A primary focus of the Regional San science team is working in partnership with other agencies and organizations to study the importance of a wide range of stressors on the Delta ecosystem (and on the Delta’s beneficial uses) so that the best possible science can be brought to bear on critical policy and management issues in the Delta and watershed.
Potential stressors include hydrologic modification, fish entrainment, invasive species, predation, contaminants, habitat loss or alteration, climate change, and our treatment plant’s discharge.
Our science section is currently supporting three large-scale scientific studies on the Sacramento River conducted by the USGS, university researchers, and our own staff. Our aim is to better understand the role of Sacramento Regional Wastewater Treatment Plant (SRWTP) discharge in the Sacramento River and the Bay-Delta ecosystem, with an emphasis on phytoplankton growth, abundance, and species presence in association with nutrients and other environmental factors.

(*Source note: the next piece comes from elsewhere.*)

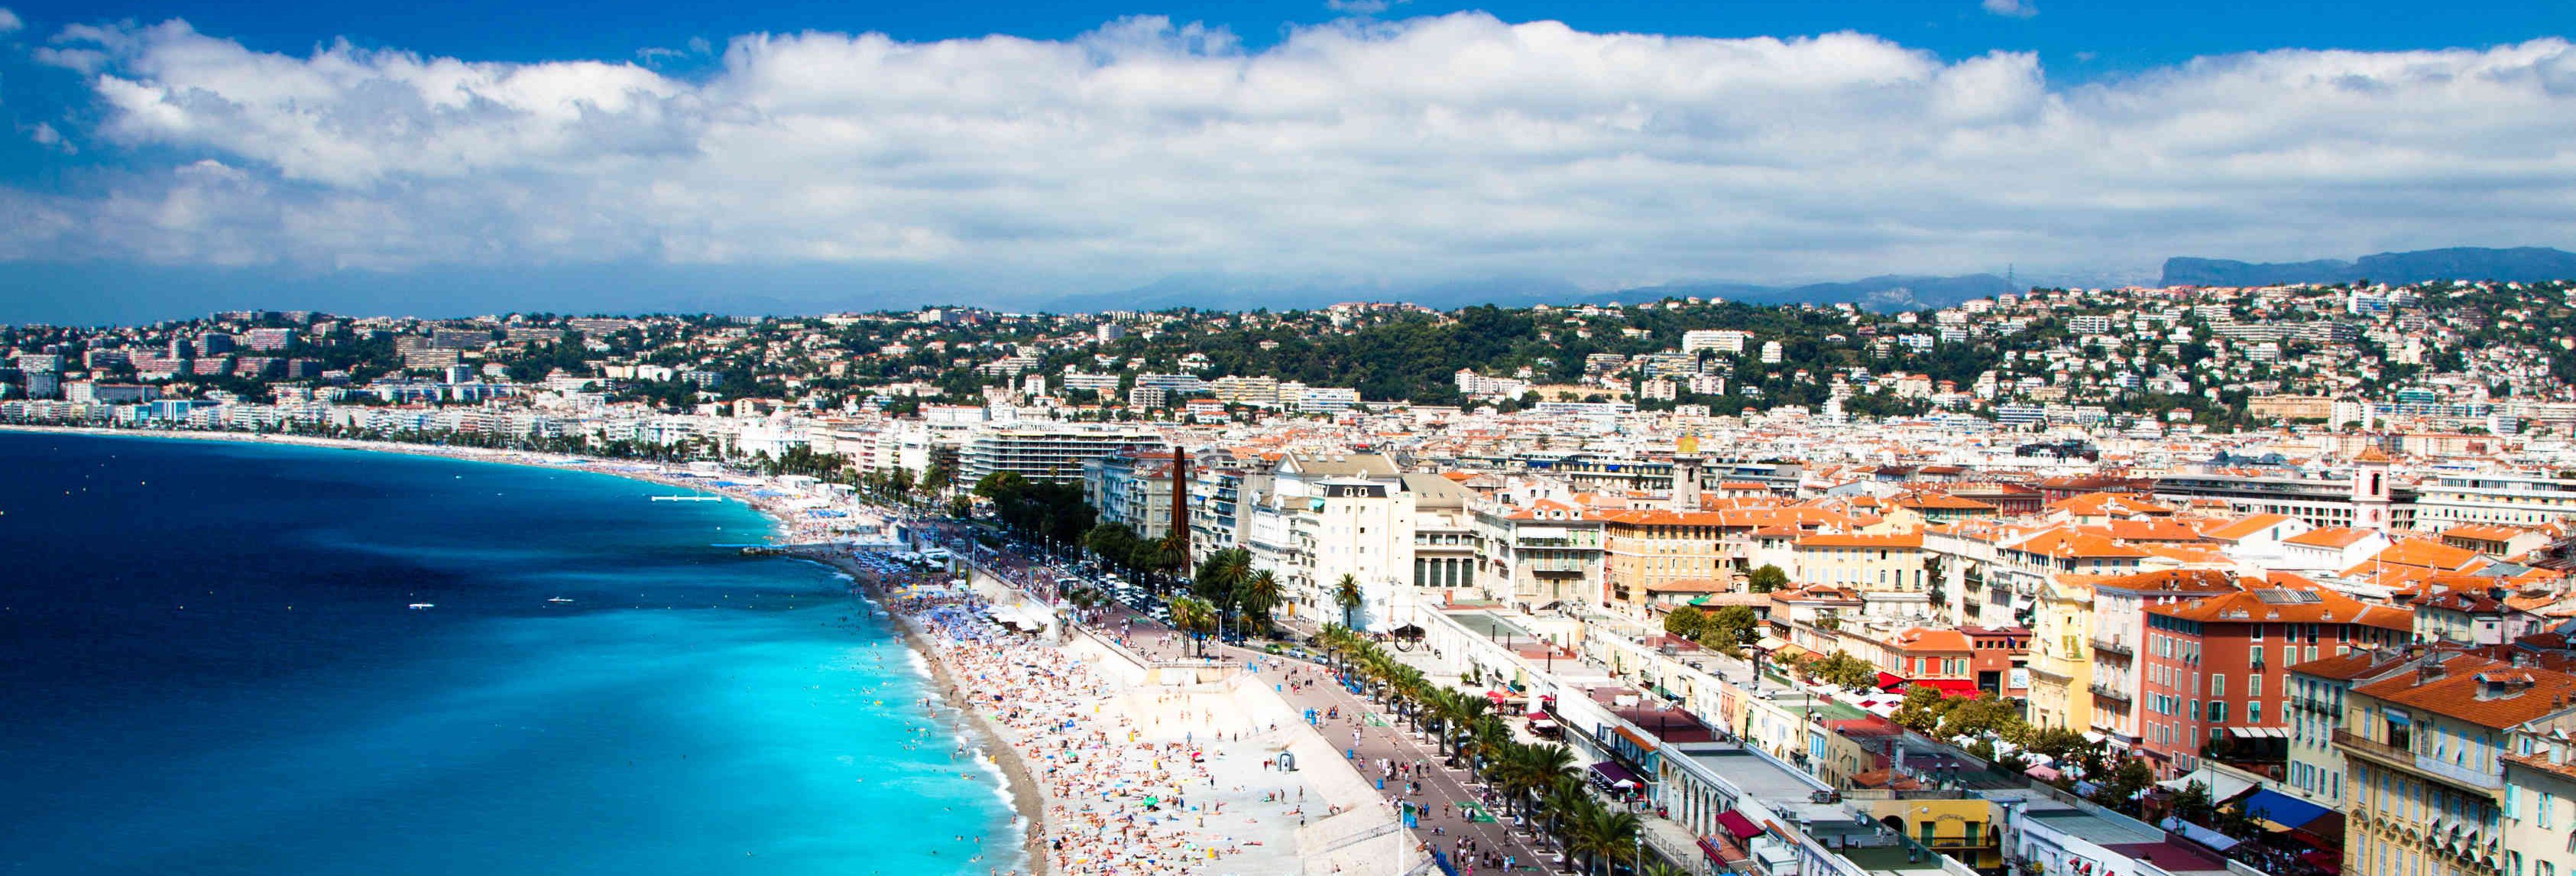 Kulturrejse til Nice Côte d’Azur
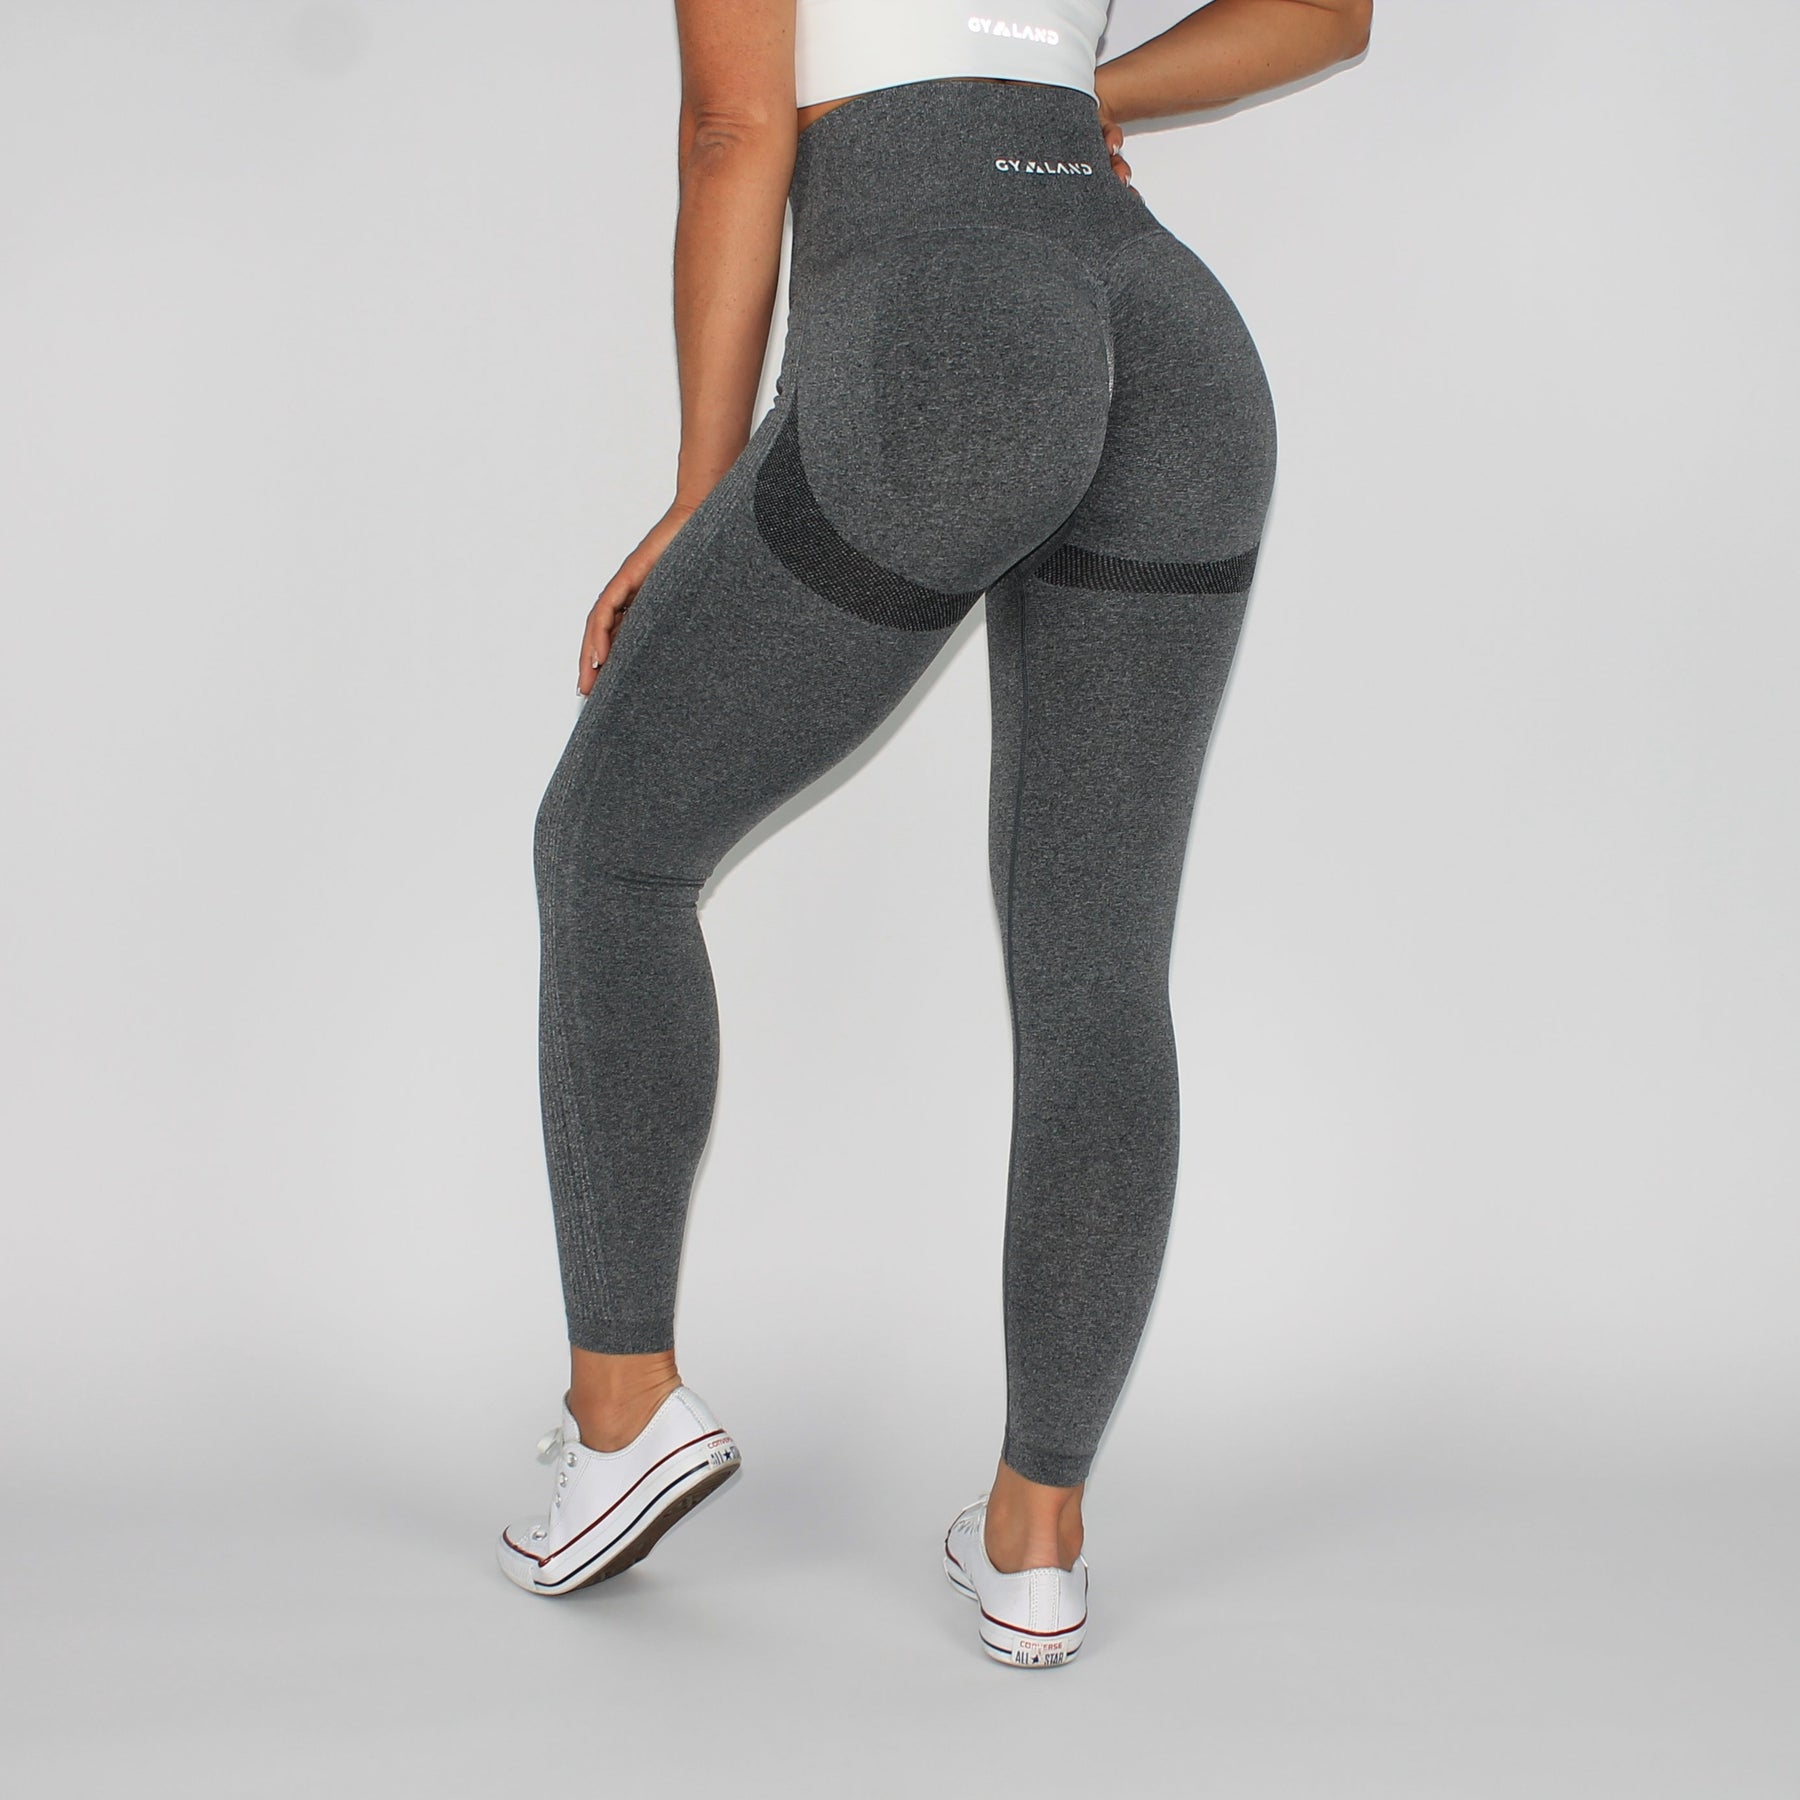 https://gymlandsportswear.com/cdn/shop/products/booty-goals-scrunch-bum-seamless-leggings-grey-back_1800x1800.jpg?v=1624254708

Preliminary results suggest that (1) a factor other than the presence of wastewater is leading to the decline in phytoplankton biomass along the river near SRWTP, (2) high stress and low production of phytoplankton in Suisun Bay is related to some factor(s) other than ammonia, and (3) non-native clams are widely present in the Sacramento River between Sacramento and Isleton, potentially reducing phytoplankton abundance.
Some previous research on the Sacramento River found declining phytoplankton concentrations at downstream locations. The cause for the observed phytoplankton decline is not easily discernible, because the loss does not appear to be driven by effluent-derived nutrient concentrations, and while phytoplankton-consuming organisms, such as clams and zooplankton, are present in the river, they are not abundant enough to fully explain the decline.
We supported a large-scale research study by USGS and university scientists to investigate the effects of SRWTP discharge of treated wastewater on phytoplankton health in the Sacramento River, using a presence and absence study.
This study addressed concerns about reduced phytoplankton abundance and potential changes in relative phytoplankton species abundance reported in the Lower Sacramento River.
The nutrient ammonia in the Sacramento River is derived from multiple sources, including effluent from the SRWTP. Ammonia may be used by phytoplankton for growth, but some studies have suggested that excessive concentrations of it may inhibit phytoplankton growth.
We investigated the presence, distribution, and abundance of invasive clams in the Sacramento River between Sacramento and Isleton in 2013 and 2014.
Invasive clams graze on phytoplankton and compete for food with native Delta organisms. It was known that phytoplankton abundance is limited by grazing in the Low Salinity Zone (LSZ) of the Bay-Delta system (near Suisun Bay, between Martinez and Pittsburg). In the LSZ, clams and microzooplankton can consume phytoplankton faster than it is produced, and clams can filter all of the water in the Sacramento River in 1.25 days.